Coral Snakes Vs King Snakes

Coral Snakes vs King Snakes: A Guide to Understanding the Differences

Snakes are one of the most intriguing creatures on our planet. With over 3,000 species of snakes, it can be quite challenging to differentiate between them. Two of the most interesting species of snakes are coral snakes and king snakes. They both have similar colors and patterns, but there are unique differences between them. In this article, we will take a closer look at the differences between the coral snake and king snake to help you understand them better.

Coral Snakes

Coral snakes are venomous and belong to the Elapidae family. They are usually small and slender, with bright bands of red, yellow, and black. Coral snakes can be found in the southern regions of the United States, including Florida, Louisiana, Texas, and the Carolinas.

The most distinctive feature of the coral snake is its color pattern. Coral snakes have a bright red band that is bordered by a thin yellow band and then a black band. The order of the colors is critical in differentiating coral snakes from nonvenomous snakes. The phrase “Red Touches Yellow, Kill a Fellow” is a popular saying used to distinguish coral snakes from other species.

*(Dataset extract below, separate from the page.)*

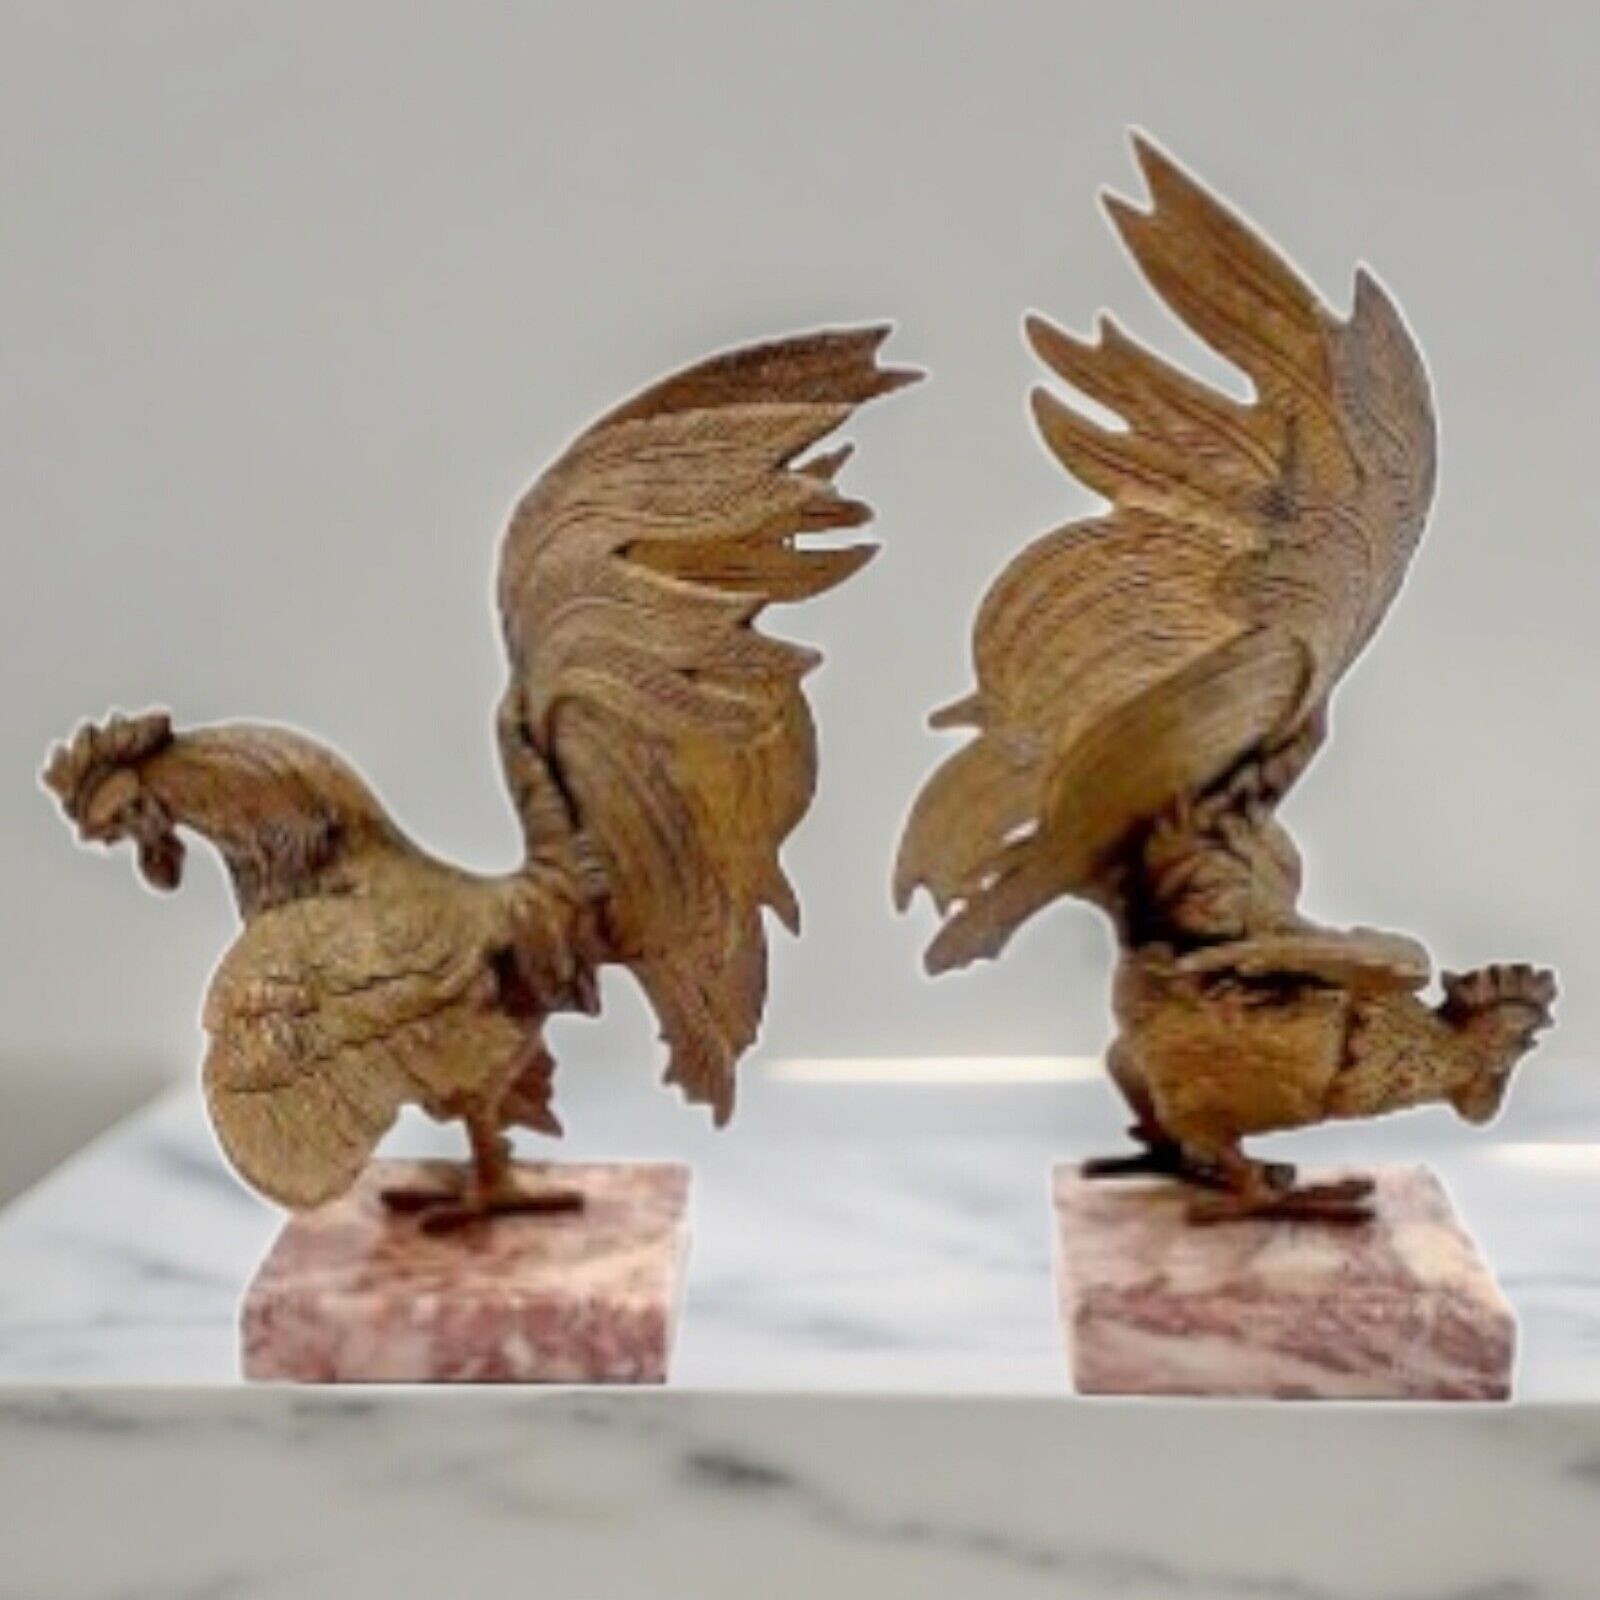 Set of Brass Fighting Roosters Bookends w/ Onyx Stone Base Vintage 8.5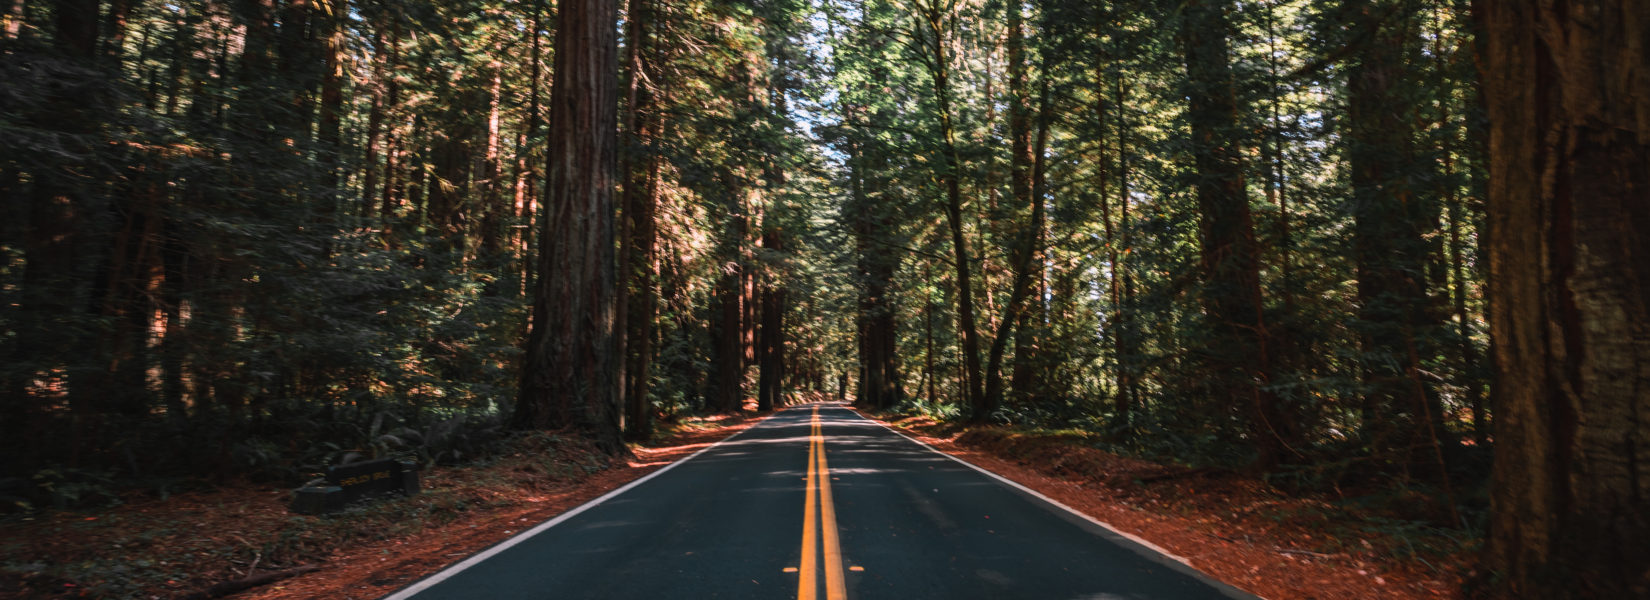 California Redwoods Road Trip Itinerary: Where to Find the Trees

Coral snakes are shy and elusive creatures. They prefer to hide in burrows or under debris and are not commonly seen out in the open. Coral snakes eat small prey, including lizards, frogs, and other snakes. Their venom is potent and can cause severe muscle weakness, respiratory failure, and even death in humans.

King Snakes

King snakes are nonvenomous and belong to the Colubridae family. They are typically larger than coral snakes and have a broader head. King snakes have distinct bands of black and white or brown and yellow. They can be found throughout the continental United States and parts of Northern Mexico.

King snakes are active hunters and feed on a variety of prey, including rodents, amphibians, birds, and other snakes. They are often sought after for their ability to prey on venomous snakes, including rattlesnakes, copperheads, and water moccasins.

One of the main differences between coral snakes and king snakes is their color pattern. King snakes have a similar banding pattern to coral snakes, but their colors are in the opposite order. They have wide bands of black or brown that are separated by narrow bands of white or yellow. The order of the colored bands is the opposite of the coral snake, black touching yellow, is safe for a fellow.

Another significant difference between the two species is their behavior. King snakes are more active and visible than coral snakes. They are often encountered in suburban areas and are known to enter homes or gardens. King snakes are not venomous, but they are constrictors, which means they will wrap their bodies around prey and squeeze it to death.


Q: Can you tell the difference between a coral snake and a king snake by their head shape?
A: Yes, coral snakes have a narrow and pointed head, while king snakes have a broader, rounded head.

Q: Are all coral snakes venomous?
A: Yes, all coral snakes are venomous.

Q: Are all king snakes immune to venom?
A: No, not all king snakes are immune to venom, but some species, such as the California king snake, have developed resistance to venom from particular snakes like the rattlesnake.

Q: Can coral snakes and king snakes interbreed?
A: No, coral snakes and king snakes cannot interbreed.

Q: Are coral snakes and king snakes endangered?
A: Coral snakes are not currently on the endangered species list, but some king snake species are considered endangered due to habitat loss or degradation.


Coral snakes and king snakes are both fascinating species of snakes that have similarities and differences. Coral snakes are venomous, while king snakes are not. Coral snakes have a red-yellow-black color pattern, while king snakes have a black-white or brown-yellow pattern. Knowing the differences between the two species is vital to avoid confusion and stay safe from venomous snakes. If you encounter a snake, it is always best to leave it alone and observe from a distance to avoid potential danger.